Chinese brunch-Dim sums anyone?
You know what I am craving for most? DIM SUMS! A typical Asian-Cantonese brunch is called “yum cha” in Hong Kong which are dim sums served with chinese tea. There are so many types of dim sums you could order and savour; such as pork and chive dumplings, pork soup dumplings, mango and prawn fritters, prawn dumplings and chee cheong fun with chilli oil etc. The good news is I will be travelling to Hong Kong in August and I cannot wait to go for brunches with my dad.
For now, we had to settle for yum cha in Cork! Its in a little Chinese restaurant called Yuan Ming, its pretty authentic as you’ll get served by waiters from Malaysia (close to home for me). Its just lovely to catch up with them on their lives and plans to go home.
We also ordered the dry hor fun with beef which turned out tasting like “char kway teow” also known as fried noodles with eggs and cockles from Singapore. For those who love the local delicacy, that would be amazing, as for me I was a bit disappointed. I had something else in mind - there are several ways to make dry hor fun and this way was not my favourite. Ask for chilli oil with your noodles, it adds extra flavour which leaves you wanting more.

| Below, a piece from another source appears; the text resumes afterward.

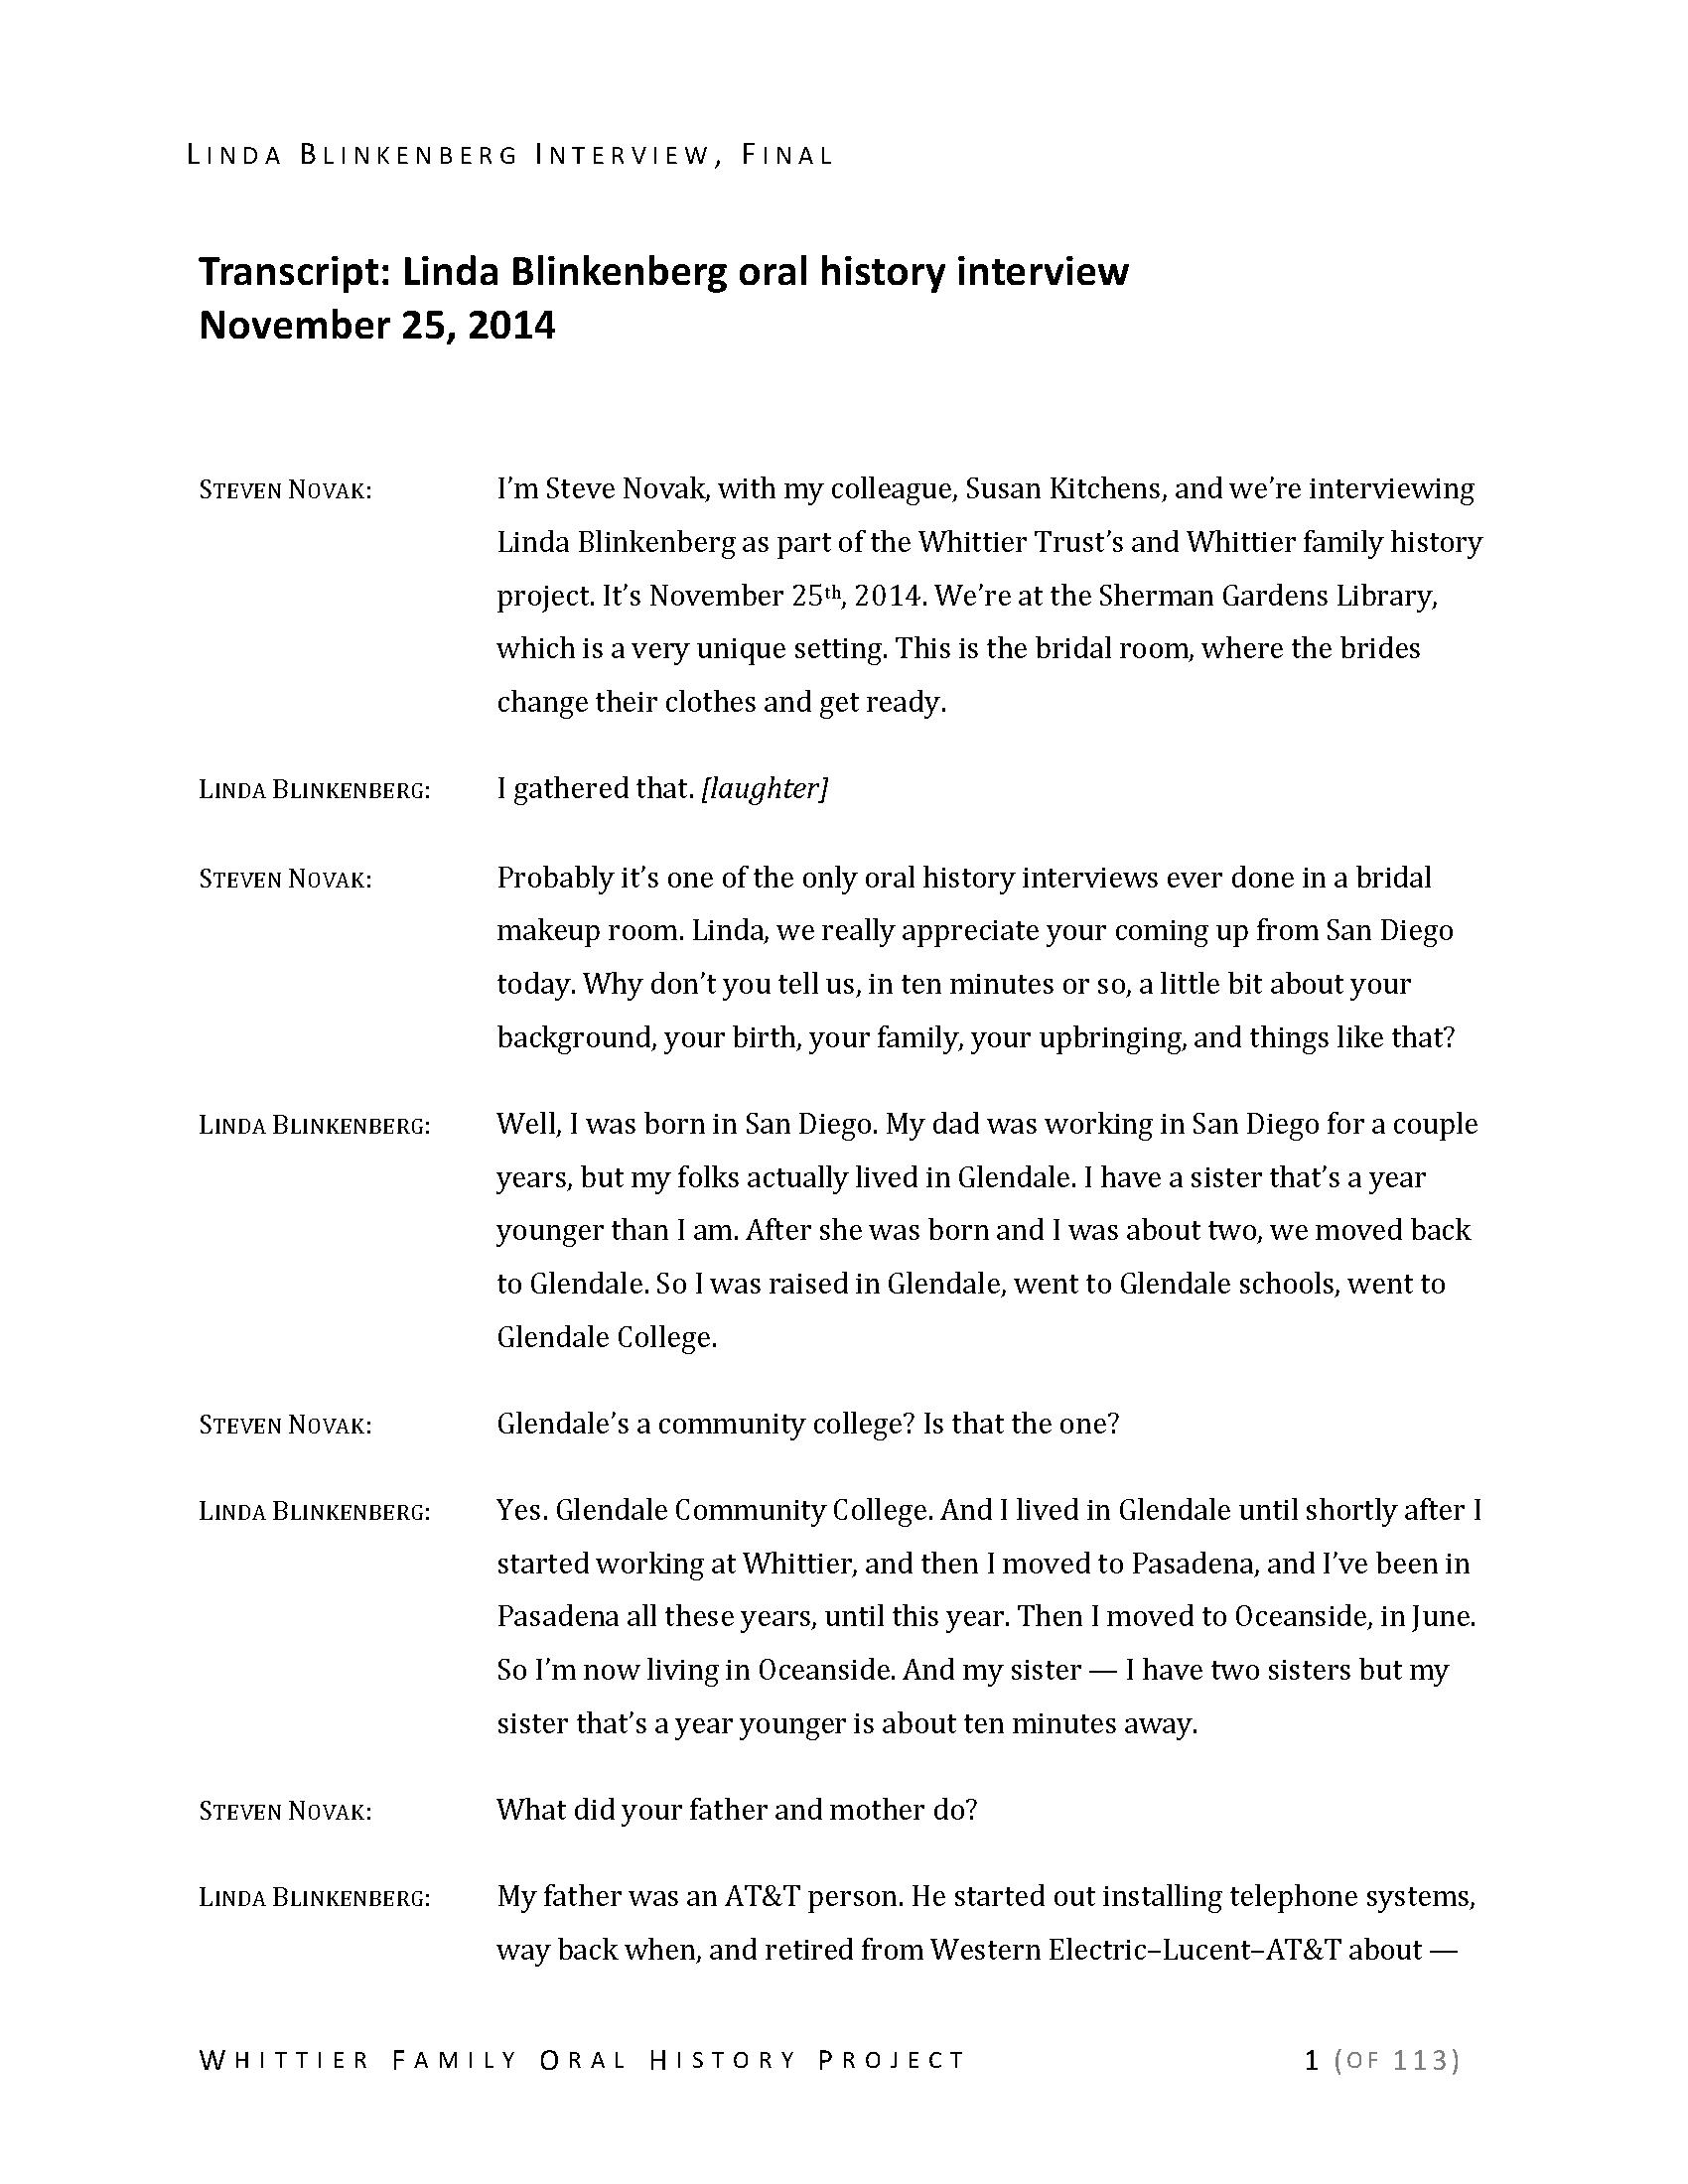 Linda Blinkenberg oral history interview  - Manuscripts - Huntington

As for the array of dim sums we ordered which were basics by the way, I was a tad bit disappointed too. You could easily get frozen dim sums from the chinese shops and steam them on your own - they’ll obviously fall apart and will not be as juicy as freshly made ones. Therefore, ordering it from a restaurant you would hope they would be freshly made and juicy which it was not. You can never get xiao long pao (pork soup dumplings) that burst in your mouth ever unless you were home. Anyways, for a small craving the food did its job.